## WHAT NEEDS TO BE DONE
Lower down are entries containing pictures. Copy exactly, without those pictures, the lines from the line with "Tatay Recipiente para" through the line with "一种简易的装配式钢结构拱桥".

## RECORDED DATA
◇ ◇ ◇ ◇ ◇ ◇ ◇

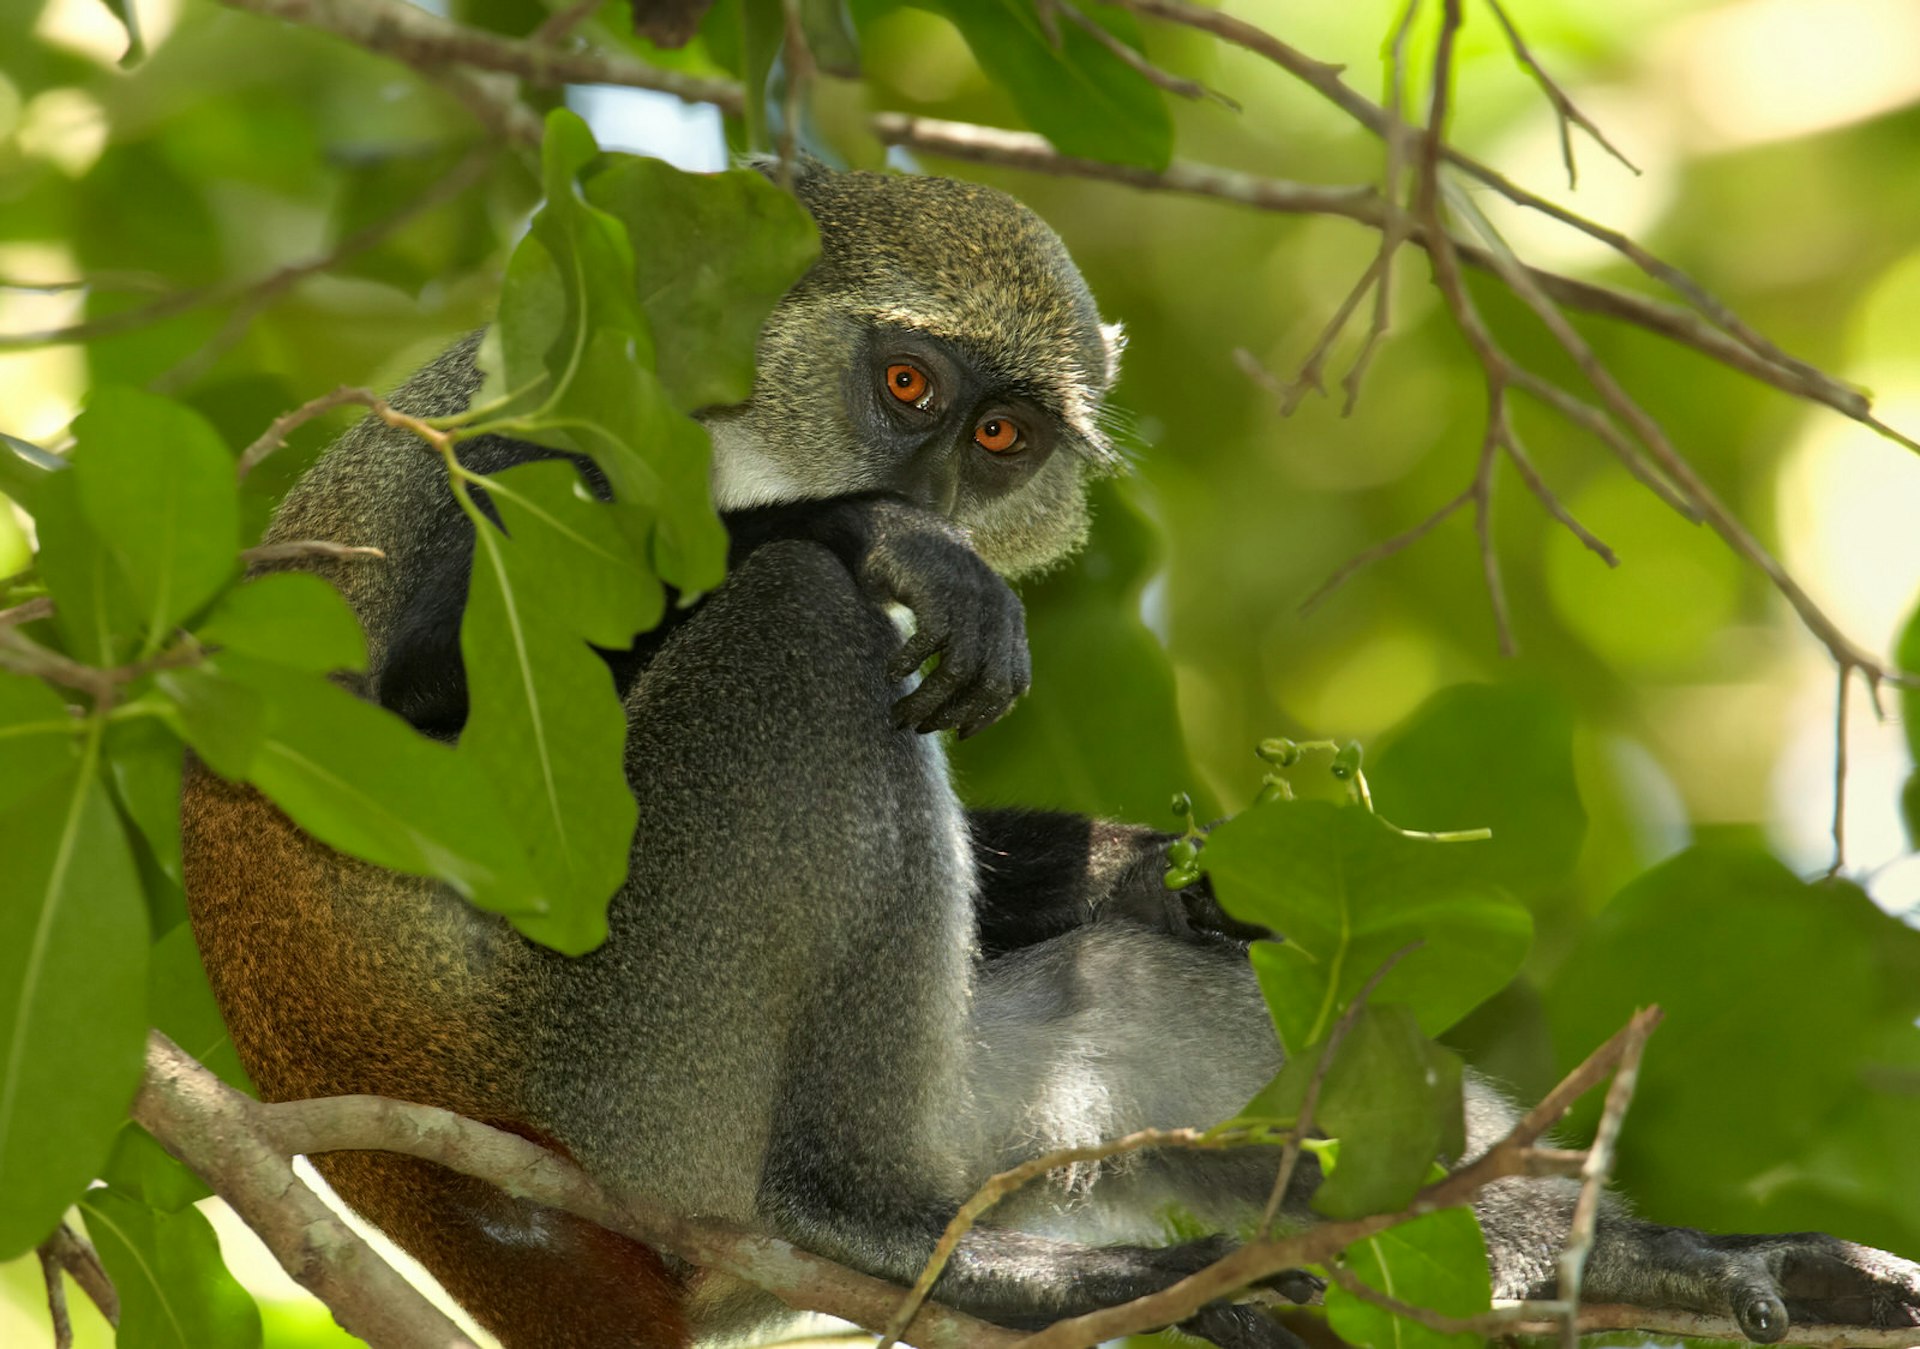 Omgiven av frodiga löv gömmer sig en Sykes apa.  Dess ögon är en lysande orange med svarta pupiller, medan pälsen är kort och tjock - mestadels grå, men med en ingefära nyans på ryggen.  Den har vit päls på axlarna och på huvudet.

◇ ◇ ◇ ◇ ◇ ◇ ◇

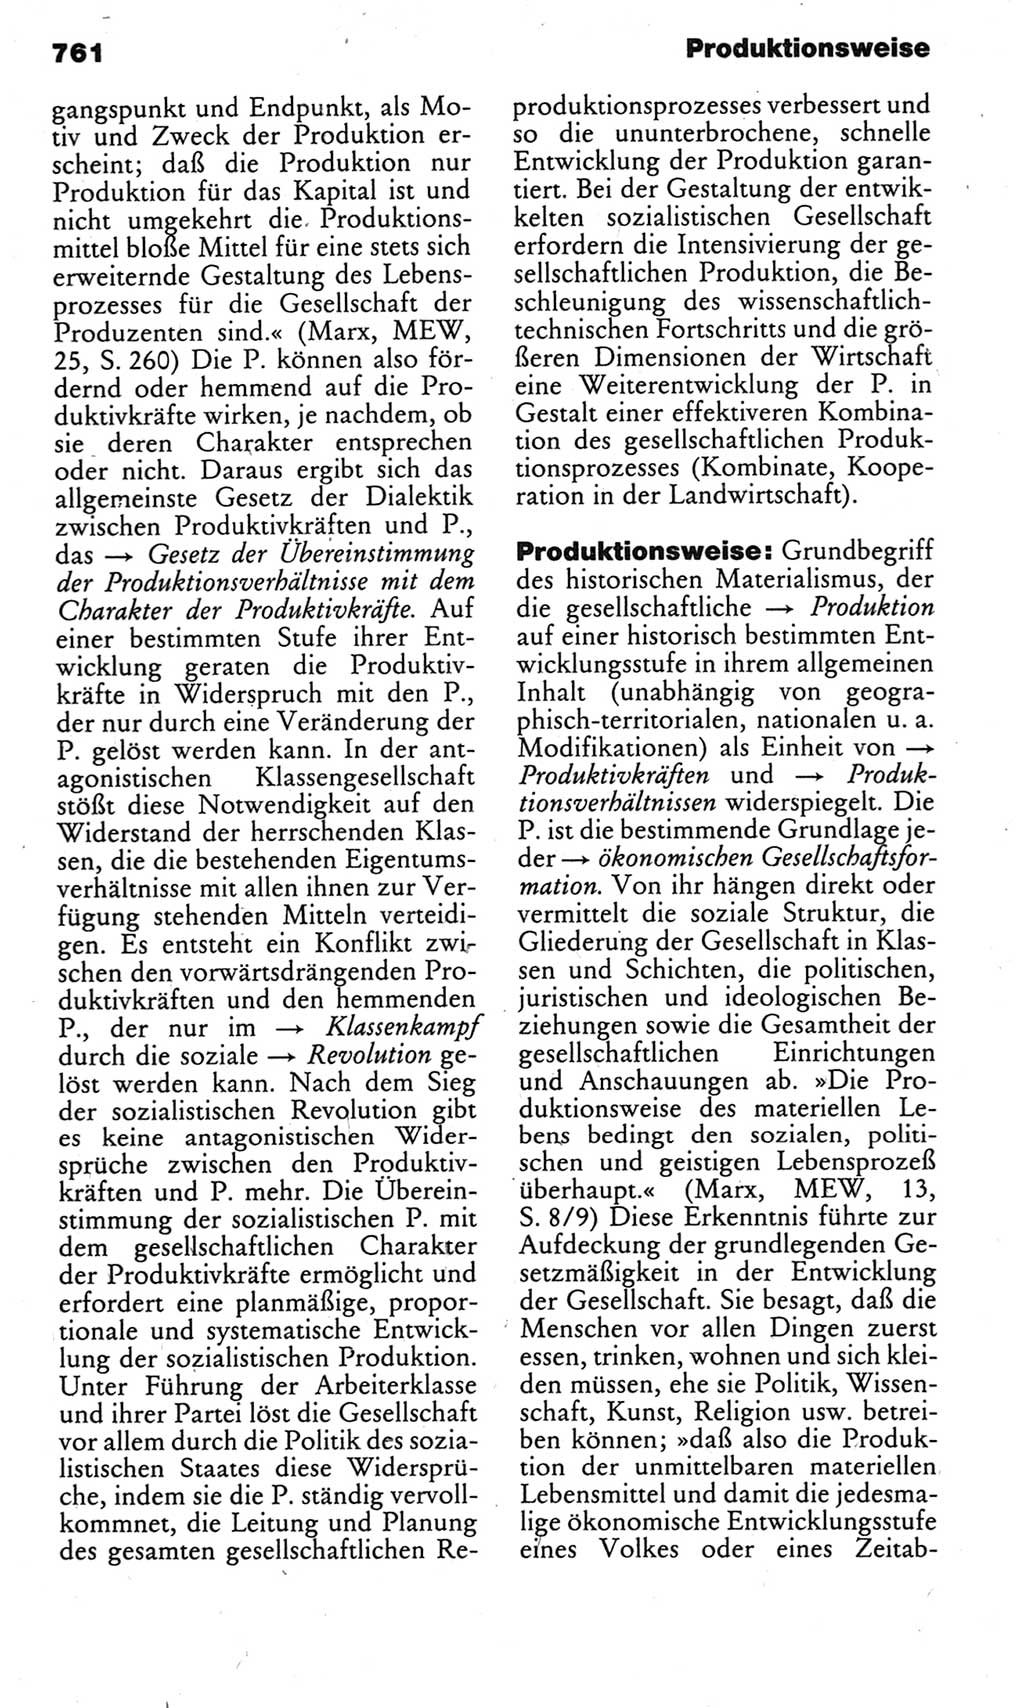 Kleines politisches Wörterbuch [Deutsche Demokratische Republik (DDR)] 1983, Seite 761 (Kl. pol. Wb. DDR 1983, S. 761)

◇ ◇ ◇ ◇ ◇ ◇ ◇

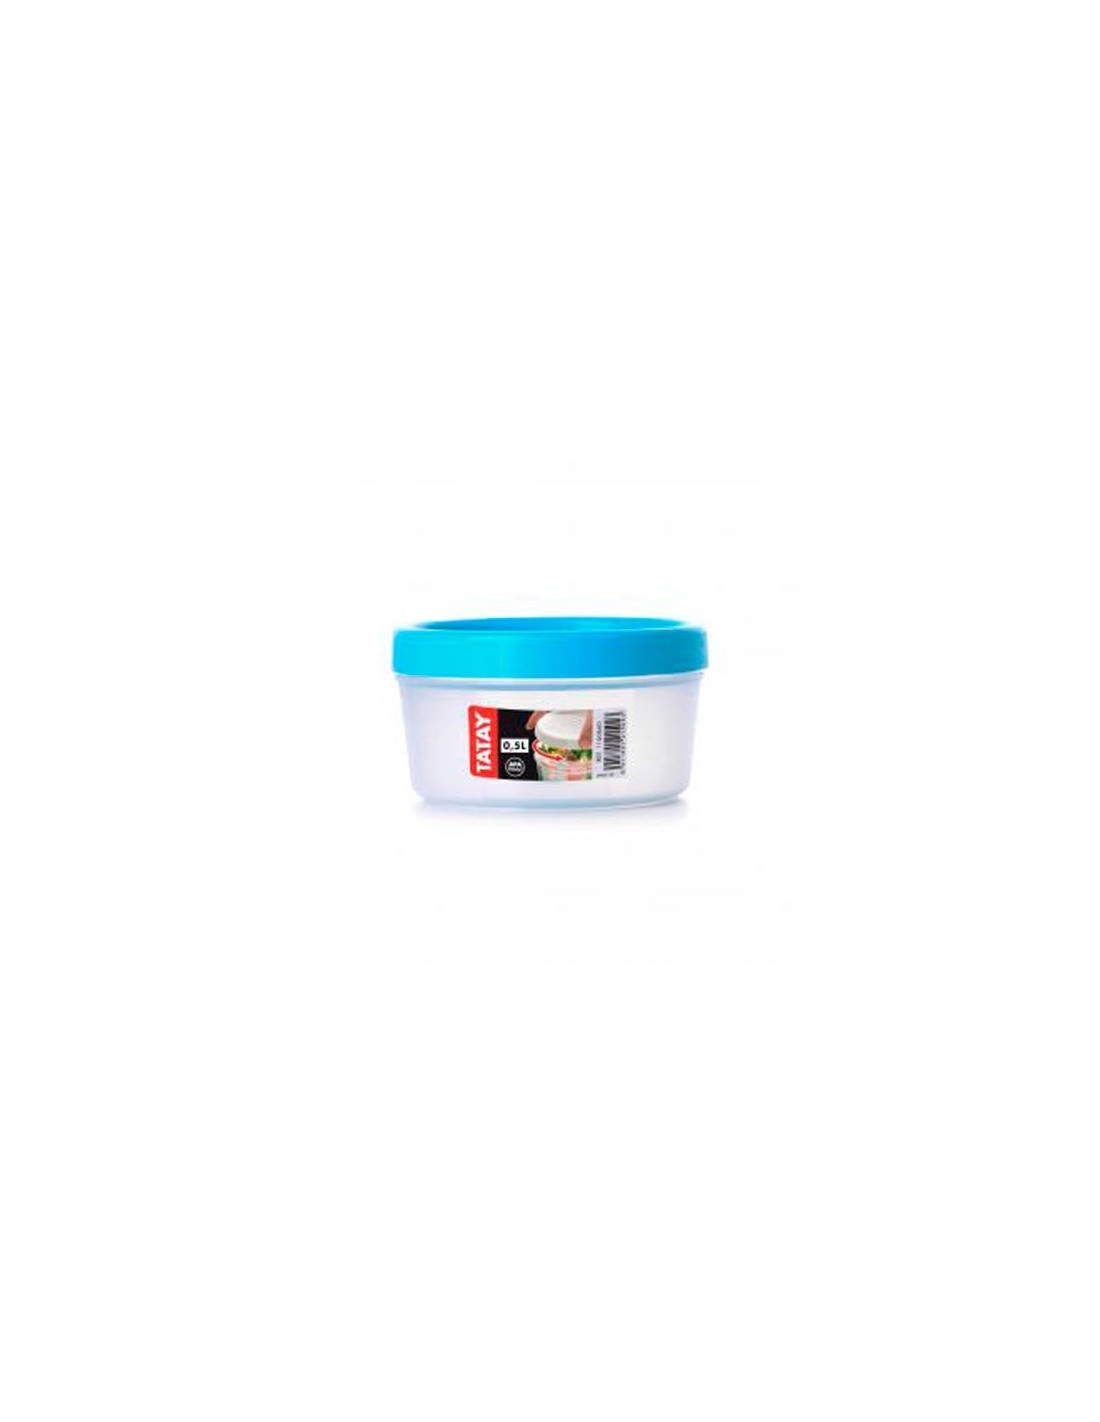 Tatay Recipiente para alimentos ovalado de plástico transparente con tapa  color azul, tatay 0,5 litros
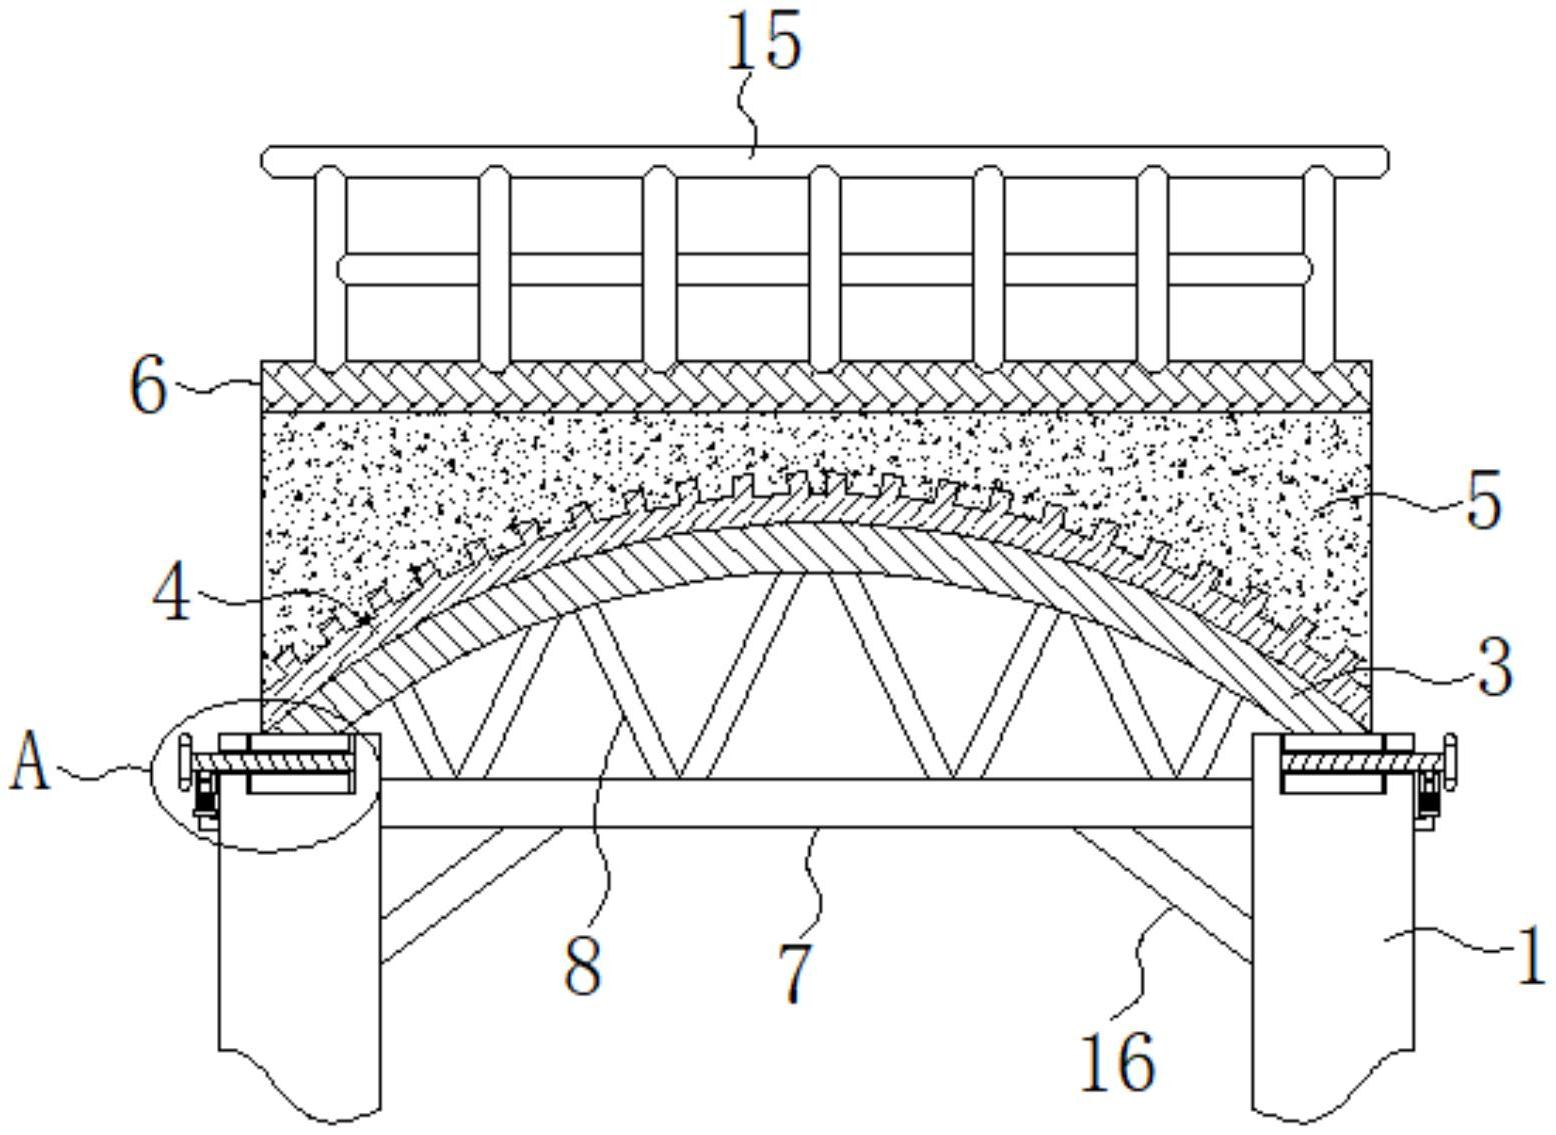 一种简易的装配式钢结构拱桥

◇ ◇ ◇ ◇ ◇ ◇ ◇

## ANSWER TO THE PROBLEM
 Tatay Recipiente para alimentos ovalado de plástico transparente con tapa  color azul, tatay 0,5 litros
 一种简易的装配式钢结构拱桥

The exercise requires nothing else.